A study reported in the story “NfL blood levels may help predict long-term progression of MS: Study” concludes that measuring neurofilament light chain (NfL) levels in the blood might predict long-term disability in people with MS — even if those people aren’t having acute relapses or showing signs of disease activity.

NfL is a protein that’s released when nerves are damaged. Since MS damages nerves, it seems logical that a high NfL level could indicate that the illness is progressing, even if no symptoms are evident. If a test can show that my disease is progressing, even if it’s not apparent to me or on an MRI, I think that’s a very good thing. If, based on that test, my neurologist might switch me to a more effective treatment before additional damage is done, that seems even better.

This isn’t the first such report, by the way. Back in 2018, MS News Today published a story about NfL as a possible prognostic tool. And things have advanced to the point where, a year ago, Labcorp announced an NfL blood test in the U.S. The company says doctors can use it to screen for neurodegenerative diseases such as MS.

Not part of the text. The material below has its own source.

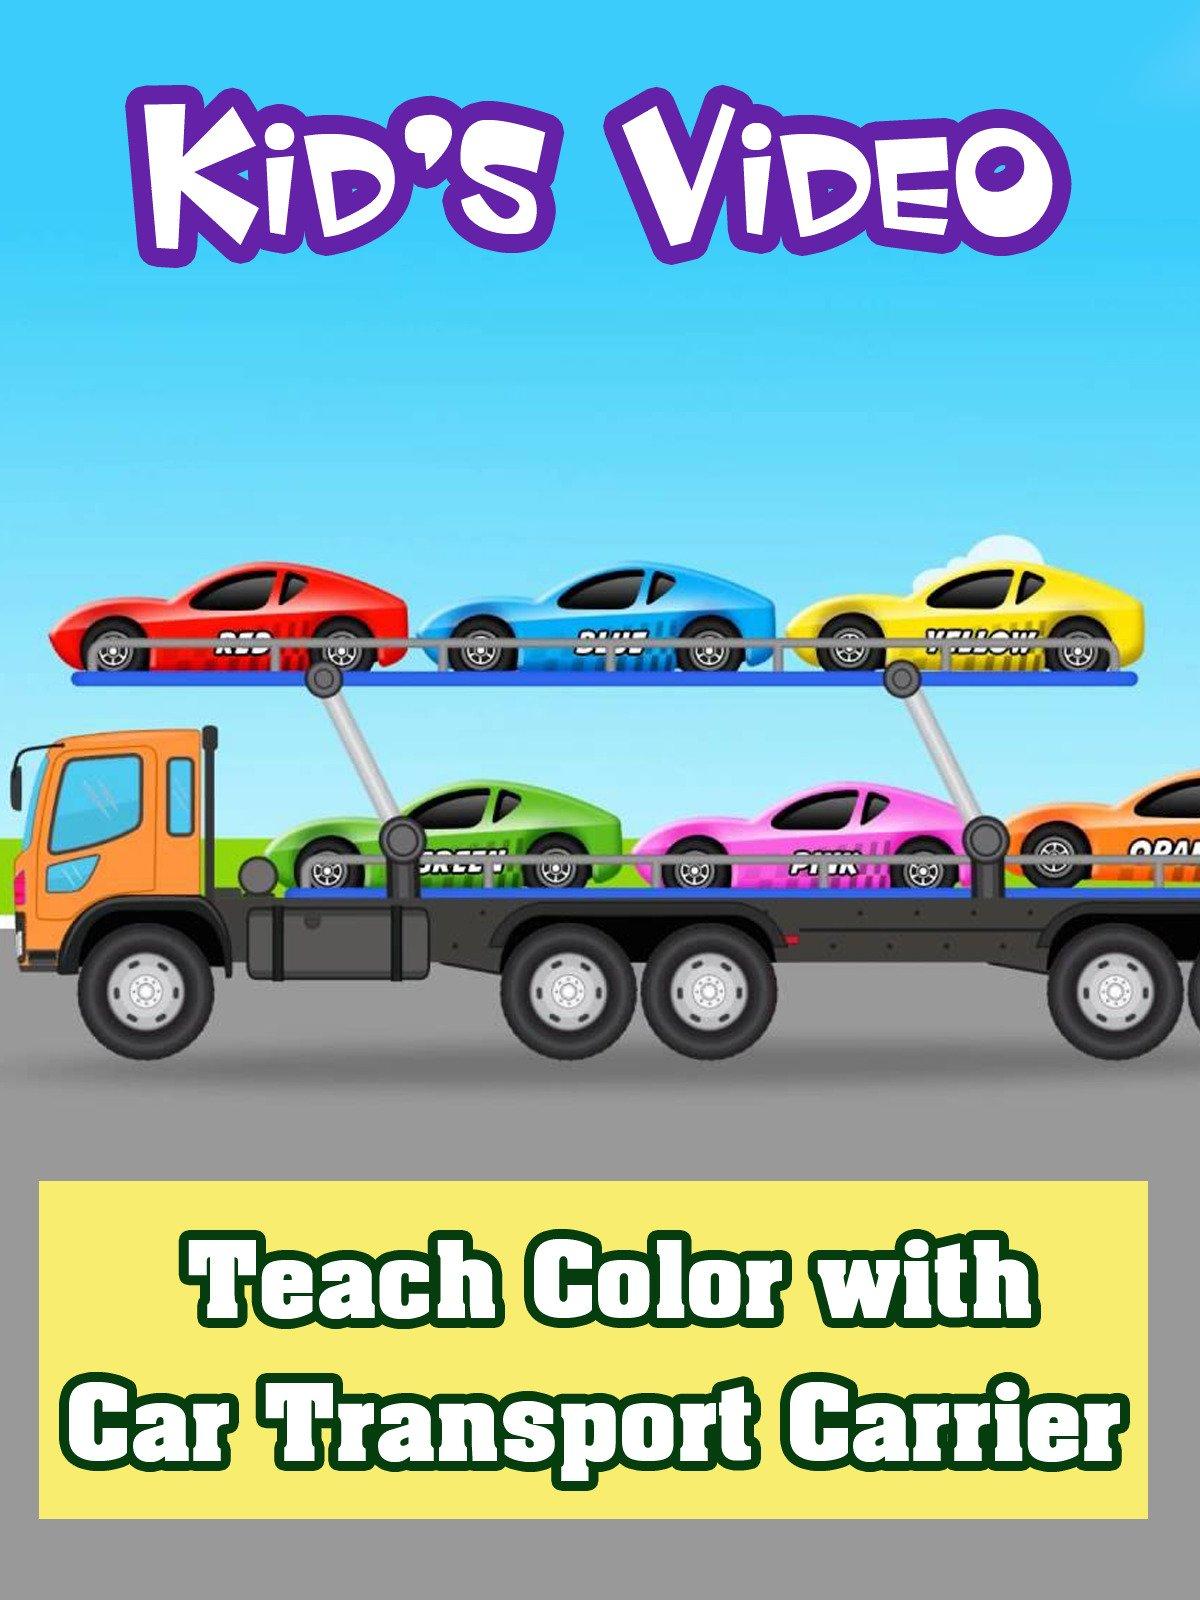 Teach Color with Car Transport Carrier
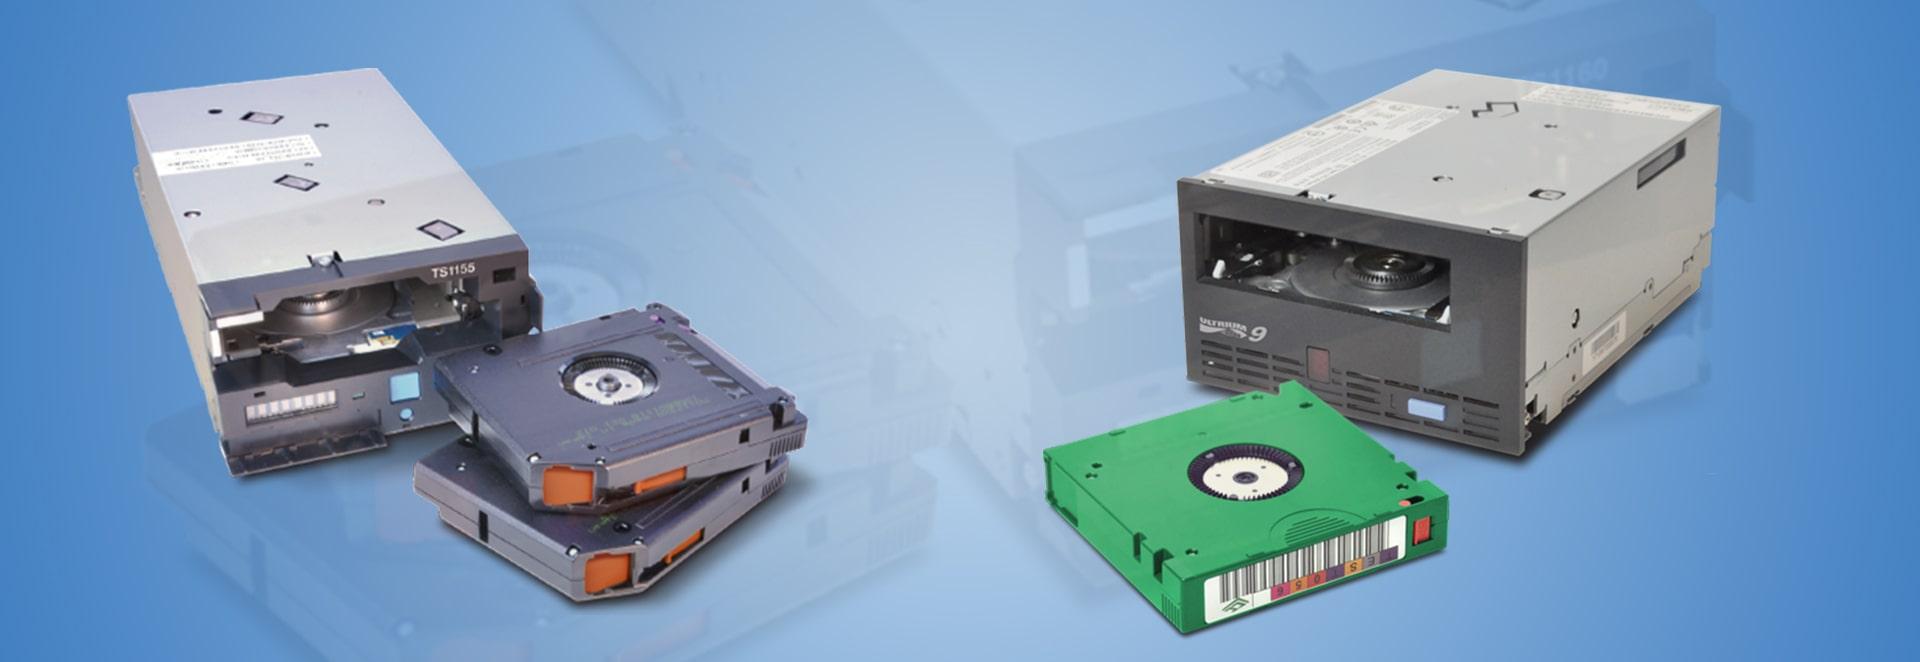 Tape Drive Recovery & Repair

Adding an eye test to MS diagnostic criteria

The McDonald criteria are a set of guidelines used by neurologists as a gold standard to diagnose MS. They include an evaluation of MRI results, a history of relapses, and sometimes a spinal tap. The criteria have never included eye damage, but as reported in “Research supports inclusion of optic nerve in McDonald criteria for MS,” there’s probably good reason to add it.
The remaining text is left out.